Capítulo 16 | "Te encontré"
Madison Davis
Oliver estira su mano hasta su mesa de noche donde encuentra un condón y rápidamente se lo coloca, me despoja de la poca ropa que tengo encima y abre mis piernas de golpe mientras lame sus labios ante la vista de mi cuerpo totalmente desnudo a su disposición.

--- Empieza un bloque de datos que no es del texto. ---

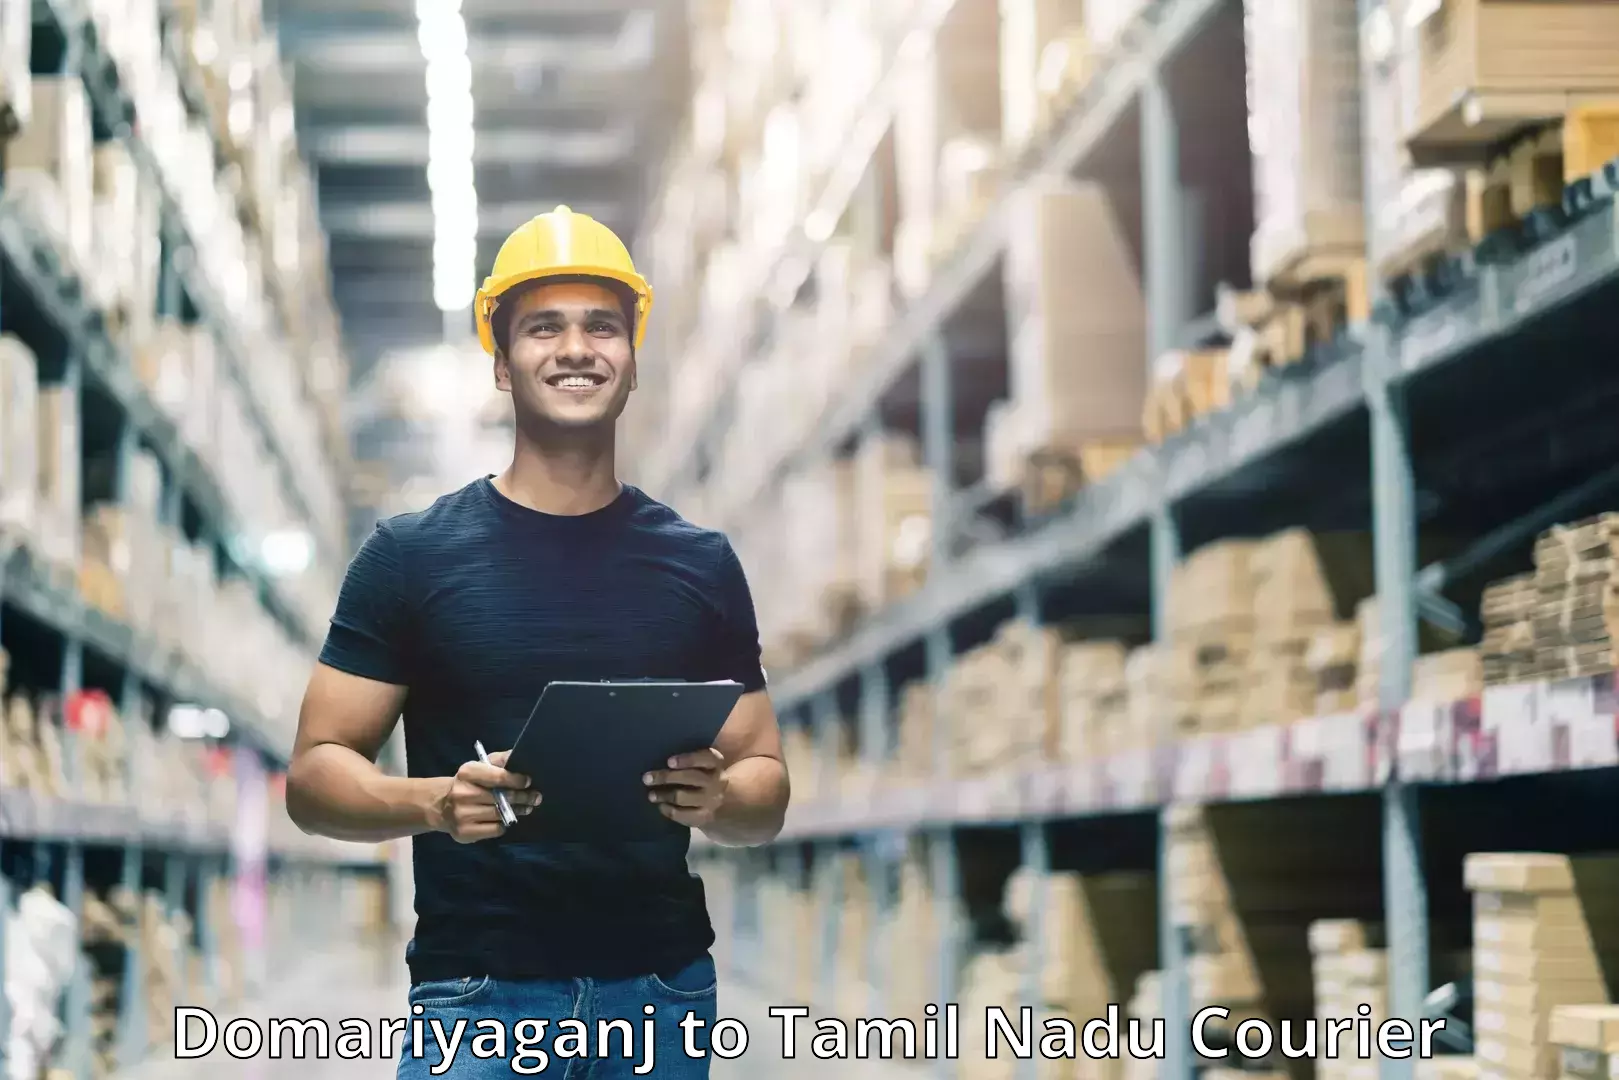 Global logistics network Domariyaganj to Tiruvannamalai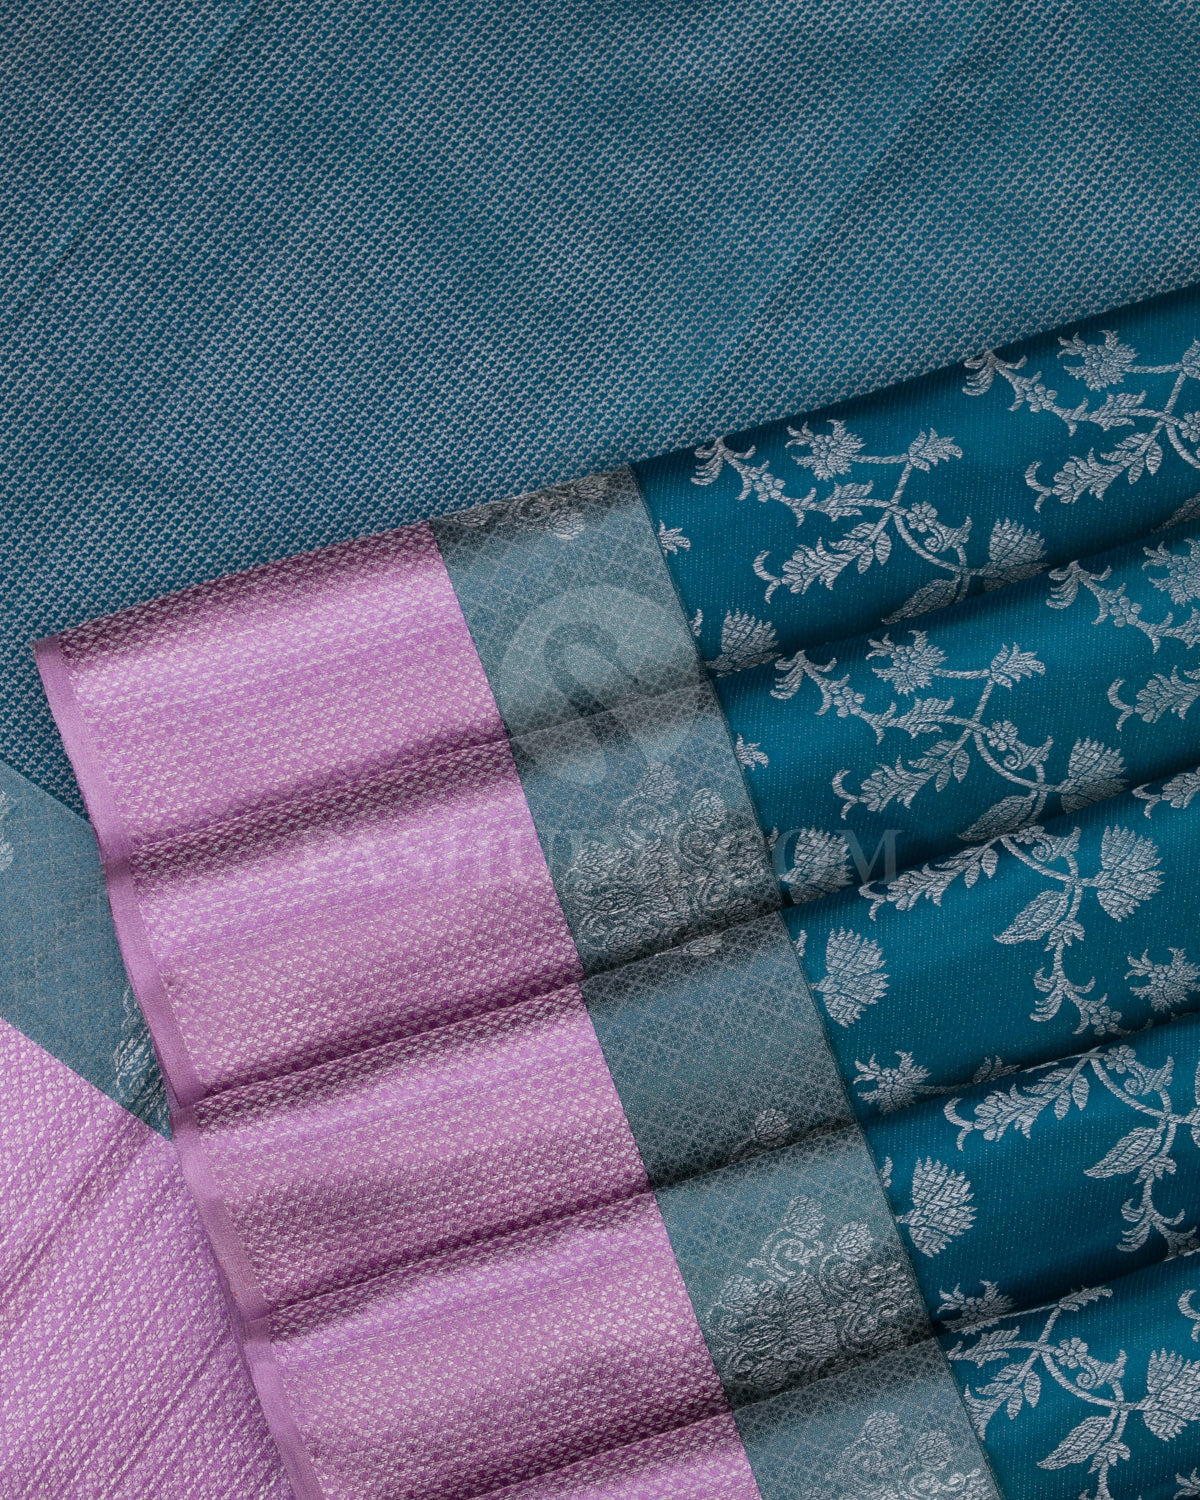 Teal Blue and Lavender Kanjivaram Silk Saree - D427 -View 4

El lobo tatuado en su cuello al igual que el as de tréboles tatuado en su pecho parece resplandecer bajo la luz de la noche, los tatuajes de sus brazos parecen brillar un poco con la fina capa de sudor que los cubre, juguetea con el aro en su labio inferior cuando entra en mí de golpe haciéndome soltar un gemido alto.
Sonríe por ello, no me deja acostumbrarme a su gran tamaño porque empieza a empujar en mi interior, repartiendo lametones por todo mi pecho, jugueteando a su antojo con mi cuerpo.
Sus embistes son potentes, el cabezal de la cama golpea rítmicamente en la pared y la propia cama empieza a chillar, pero Oliver mantiene el ritmo rudo y constante conmigo, enredo mis manos en su cuello y tiro de él de vuelta a mi boca para silenciar mis gemidos.
Devora mi boca y tira de mi labio inferior, clavo mis uñas en su espalda consiguiendo que suelte un jadeo ronco, su boca se queda a unos centímetros de la mía sin llegar a unirse del todo, sólo a esa corta distancia, tragándose todos mis gemidos por sus potentes embestidas, una sonrisa socarrona se planta en su cara cuando me ve deshecha en placer bajo su cuerpo.
Sale de mi interior en un rápido movimiento, voltea mi cuerpo dejándome a espaldas del suyo, separa mis piernas y vuelve a embestirme de golpe, mis manos se aferran a las sábanas que están hechas un desastre, trato de silenciar mis gemidos con una de mis manos, pero Oliver impacta su palma en mi trasero.
— Quiero oírte, muñeca.
Vuelvo a aferrarme a las sábanas cuando una de sus manos tira de mi cabello con fuerza arqueando mi espalda para él mientras su otra mano se aferra a mi trasero apretando con fuerza mientras abre mis nalgas y se deleita con la vista de su miembro embistiendo mi entrada rebosante en humedad para él.
Su cuerpo impacta con tal fuerza al mío que no dejan de emitirse sonidos cuándo nuestras pieles chocan con un martilleo húmedo y lujurioso.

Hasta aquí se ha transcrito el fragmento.